### Required work
Only the lines below from the one containing "Stadium Series Sports" through the one containing "Bo Kaap malay" belong in the answer, set down exactly, with the pictures left out.
━━━━━ Data extract ━━━━━
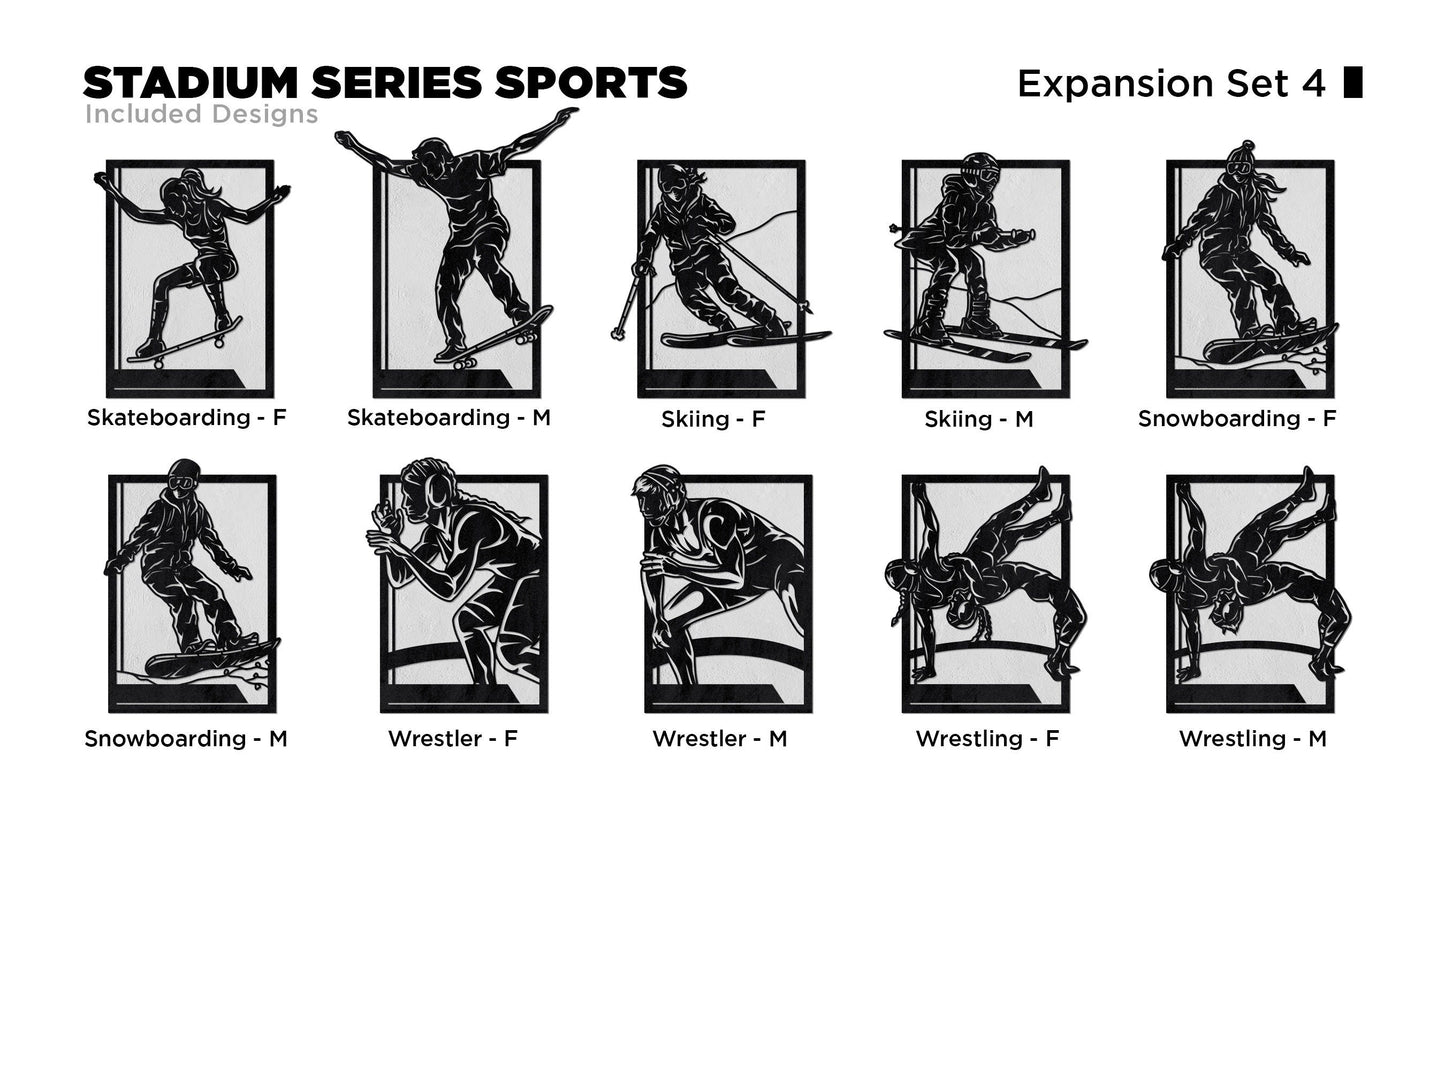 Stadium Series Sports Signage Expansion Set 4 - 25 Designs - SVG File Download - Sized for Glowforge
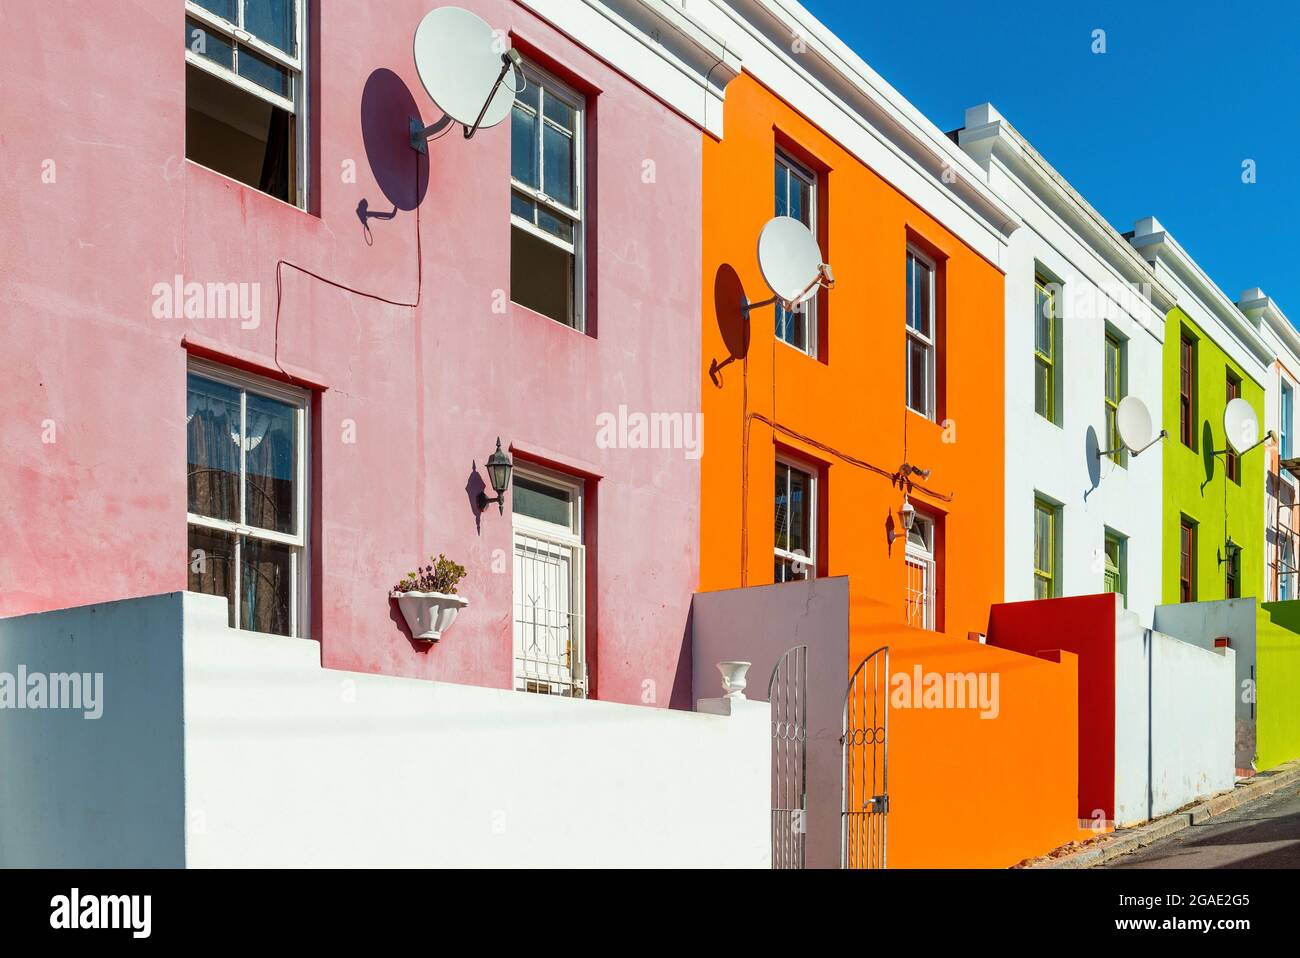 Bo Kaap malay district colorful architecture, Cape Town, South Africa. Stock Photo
━━━━━
━━━━━ Data extract ━━━━━
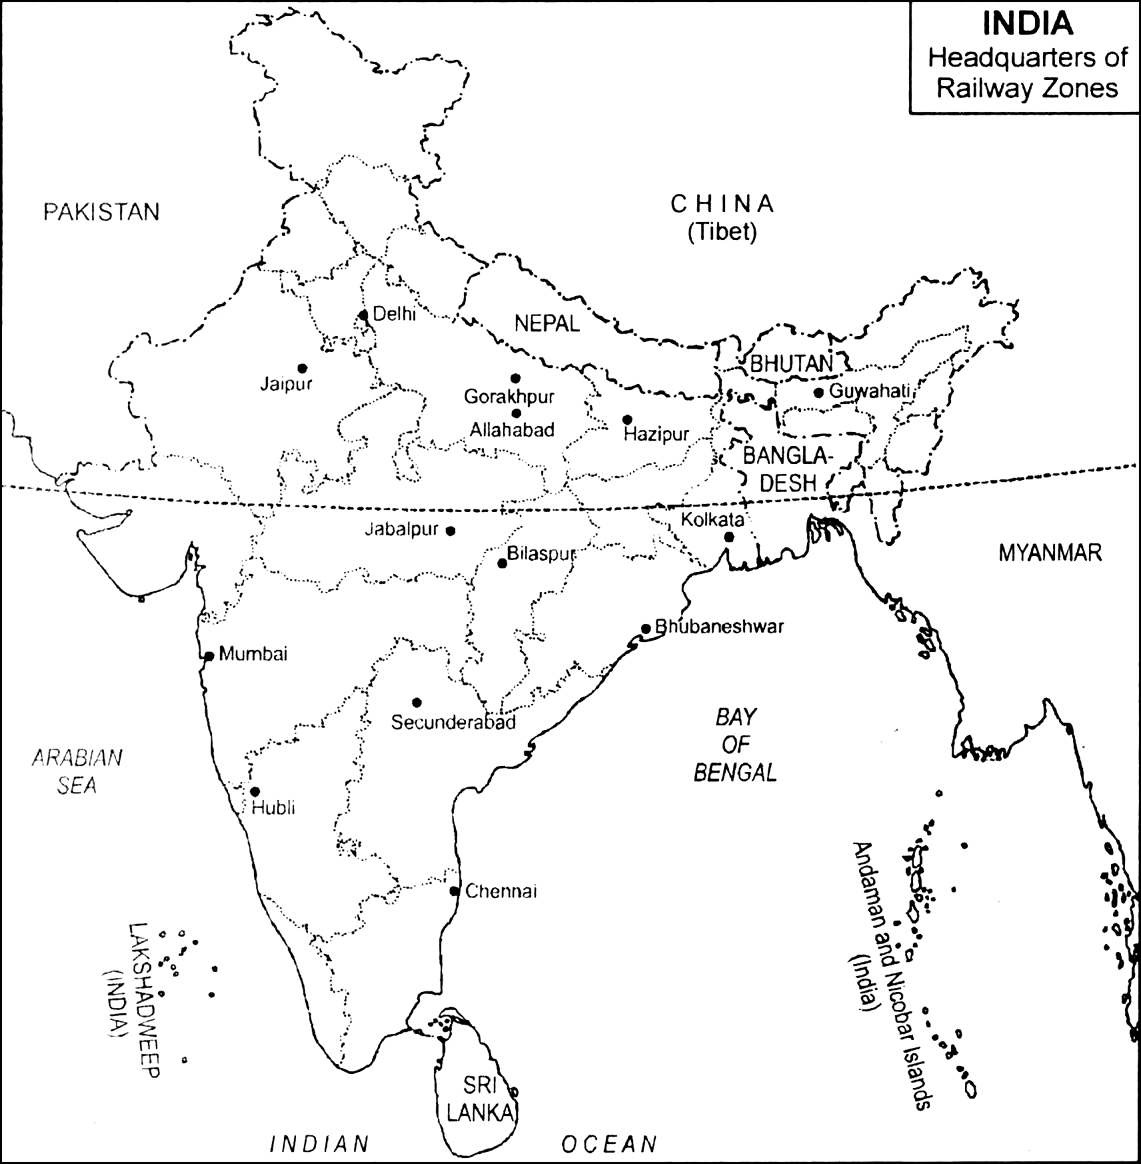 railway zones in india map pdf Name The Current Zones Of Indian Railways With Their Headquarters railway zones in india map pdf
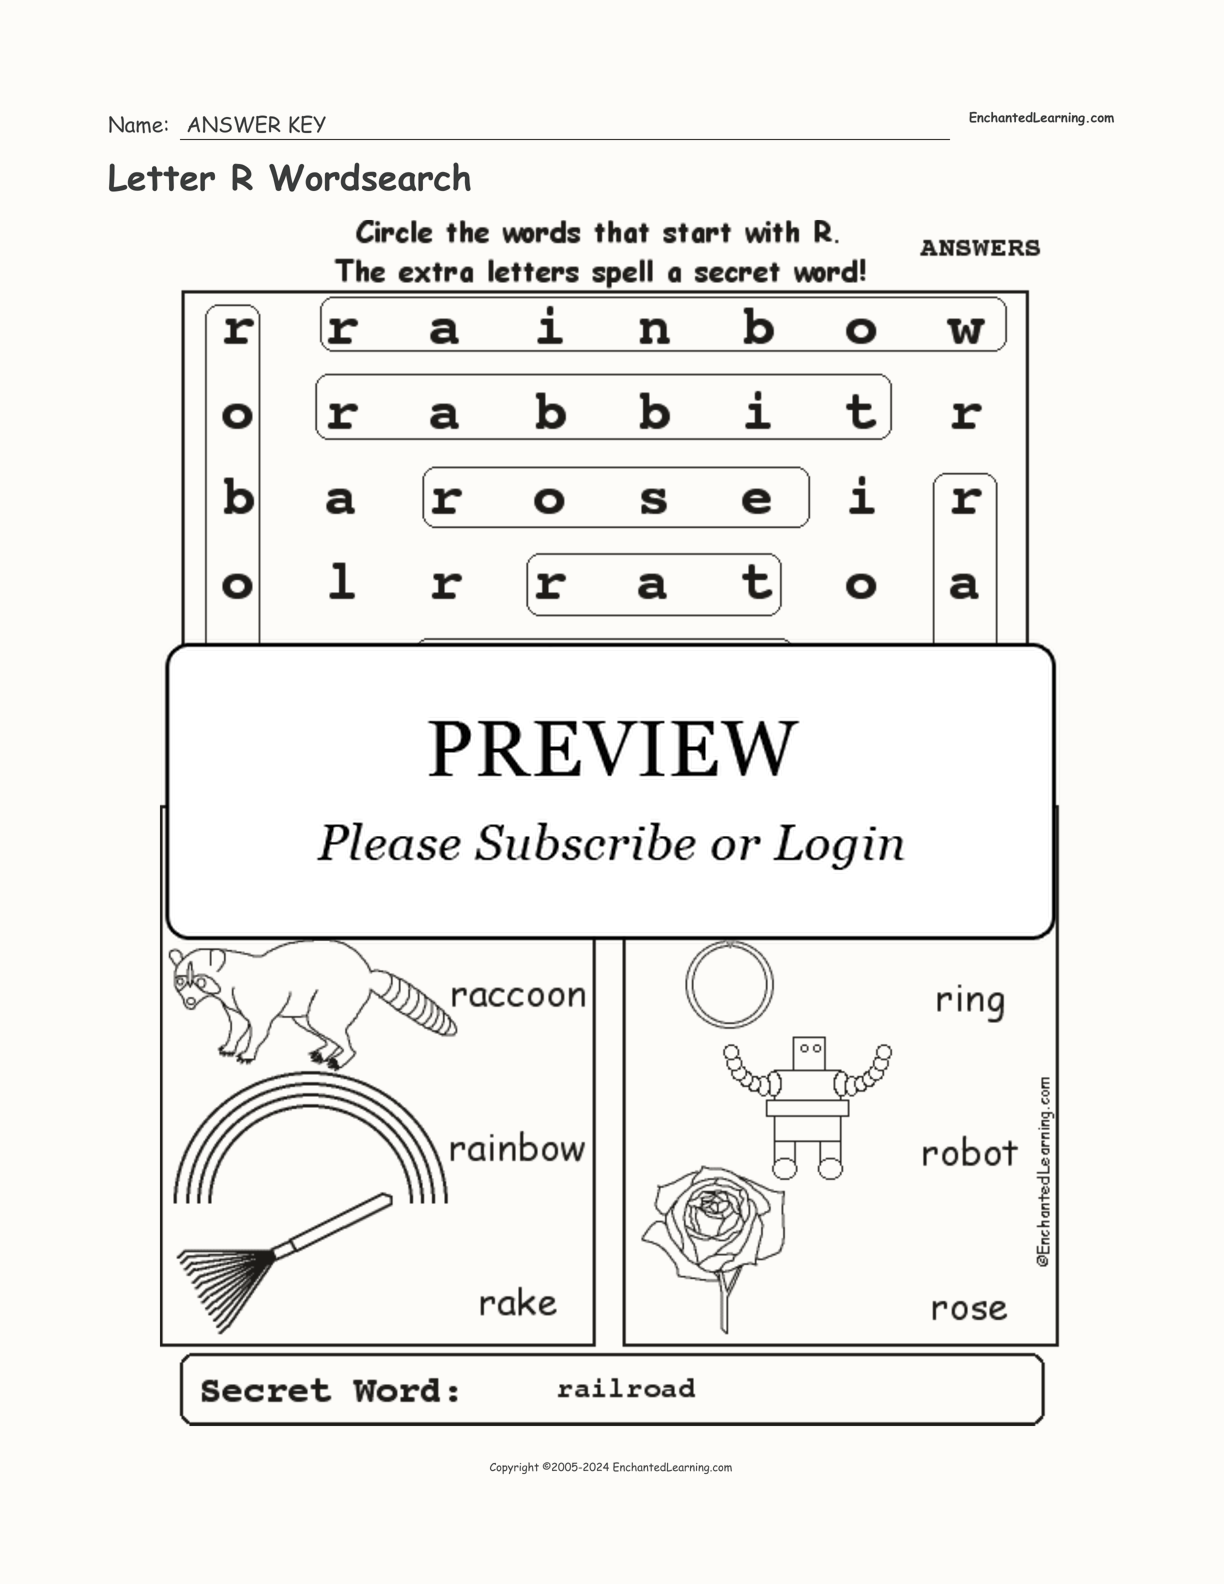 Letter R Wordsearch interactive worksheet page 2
━━━━━
### Completed task
 Stadium Series Sports Signage Expansion Set 4 - 25 Designs - SVG File Download - Sized for Glowforge
 Bo Kaap malay district colorful architecture, Cape Town, South Africa. Stock Photo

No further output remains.